Stress and Parents – Teenage Dilemmas

Teenager Stress

One misconception we have is that stress is only for adults. This is quite untrue. Teenagers also experience stress. Most often than not, one of the chief potential stressors for teenagers are found at home in the shape of their parents.

Teenager Stress and Parents

This is not to say that parents cause teenage stress. However, teenagers view themselves as individuals who are independent. Because of this, they require a certain amount of freedom, which parents do not usually grant them, thinking that they are still too young to decide on their own. On the other hand, there are teenagers who are given more freedom, but are not at all appreciative.

Turning Parent-Teen Stress Into Parent-Teen Success | Neil D Brown | TEDxsalinas

Societal Pressures

Society plays an important part in giving teenagers a variety of options.

Teenagers are provided with so many choices that they pressure themselves to come up to a decision that is solely reliant on their own judgment. However, because they are still young, there are so many things that they cannot do on their own, therefore, parental guidance is still important.

Parents can actually start teaching their children to face challenges at a very young age with continuous support and guidance. This will not only help their children to develop their decision-making skills, but it will also give them a sense of self-worth.

Teenagers are No Longer Children

As parents, you have to understand that teenagers are no longer children. Teenagers are, in fact, already aware of what is going on around them. They have also developed a complex system of values they intend to follow and at the same time, they already have their own evaluation of their capabilities and potentials.

Striking a Stress Free Balance

As soon as children reach the age of 13, they are already too eager to exercise their rights independently.

Now, when that independence is suppressed, they will feel unworthy of trust. Their self-worth will be greatly affected negatively.

Letting them on their own without guiding them or suppressing them from exercising their rights can also cause teenage stress.

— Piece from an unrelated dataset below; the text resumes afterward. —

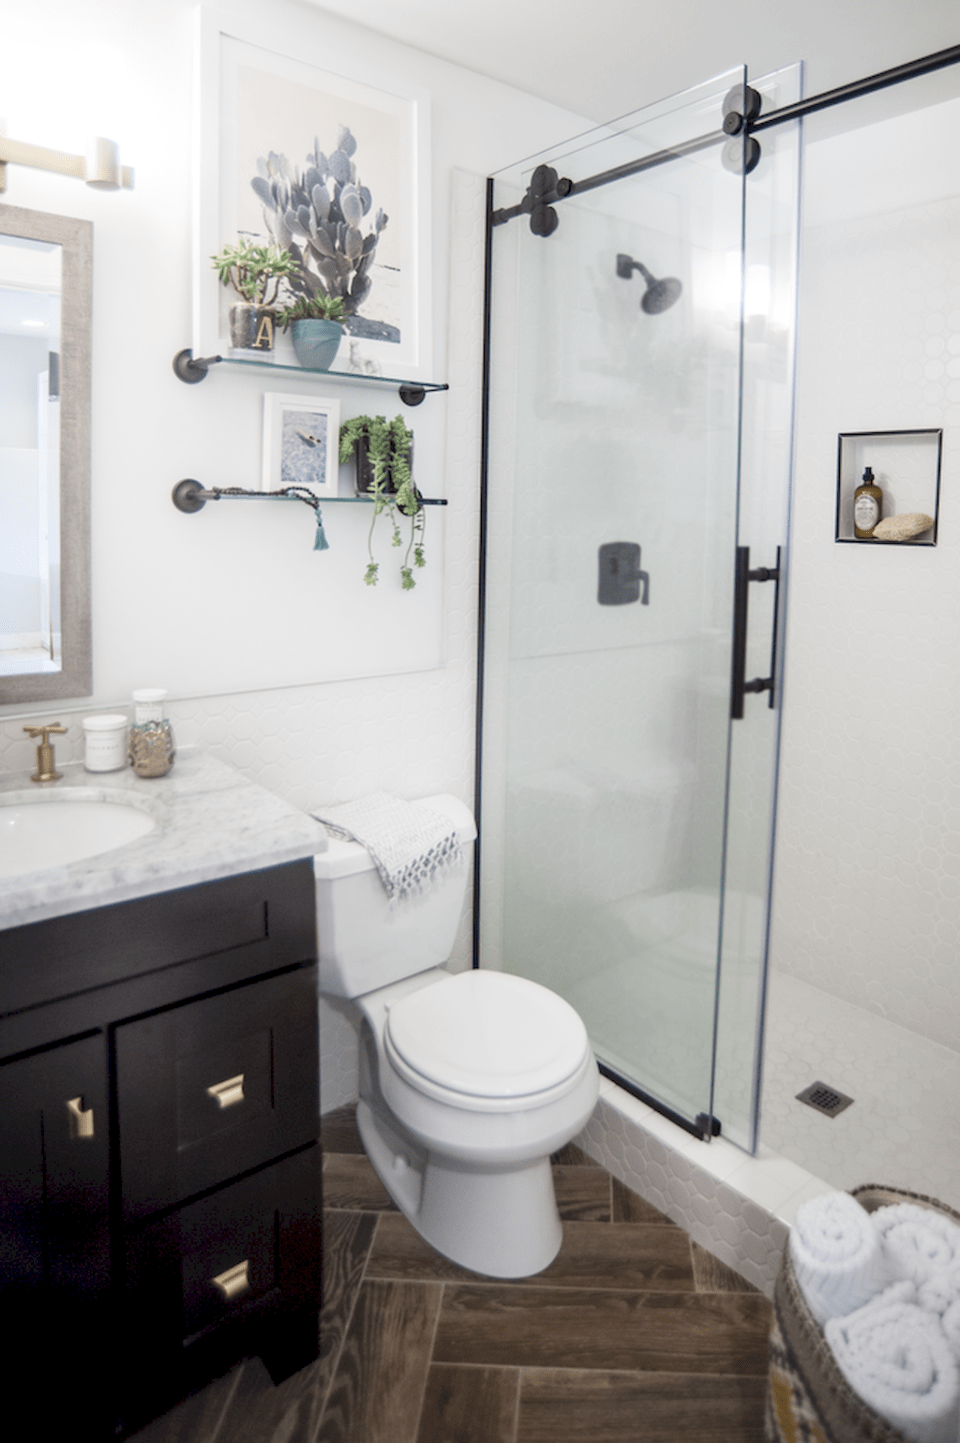 85 beautiful small bathroom decor ideas on a budget

Allowing them to be independent by totally abandoning them to decide on their own is not the proper way to do it. Giving them no right to decide for themselves is neither helpful.

The first situation will only pressure teenagers to solve problems they are still not ready to solve. If they do not get to solve a problem successfully, it will only make them feel like a failure; whereas, the second situation will only make them incapable of solving even the smallest problem.

Developing a Sense of Responsibility

Teens demand a certain degree of dependency, which is implied through statements like, “You never let me do it my way” or “I am old enough to make my own decisions”.

Parents react to this in different ways. Some parents would be stricter and would even impose more rules, while others will let their teens on their own completely.

The challenge for the parents is when to be strict and when to be lenient in allowing teenagers to exercise their rights as individuals.

Teenagers need not face stress. Open communication is the key to dealing with differences in beliefs and wants. Parents should also listen to what their teenagers have to say.

Teenagers are no longer children, but they are not quite yet adults. However, they can do so much by acknowledging the child in them while emulating the adult in them.

Teenage stress can be effectively dealt with by voluntarily reaching for responsibility. Although, responsibility can lead to stress, especially when dealt with resentment or fear rather than with confidence and persistence, it can actually help build the needed skills needed to combat stress before it even set in.

Try to give your teenagers responsibilities they are able to handle by themselves. When they succeed doing it, it will result in increased self-confidence and self-worth.

The only sure way to help your teenagers get out of stress caused by fear of failure is to allow them to solve their problems with your guidance and by constantly encouraging them to move on even if they seem to always fail.

By doing so, teenagers will learn practical knowledge from facing responsibilities and, eventually, build psychological strength from taking more and more responsibilities.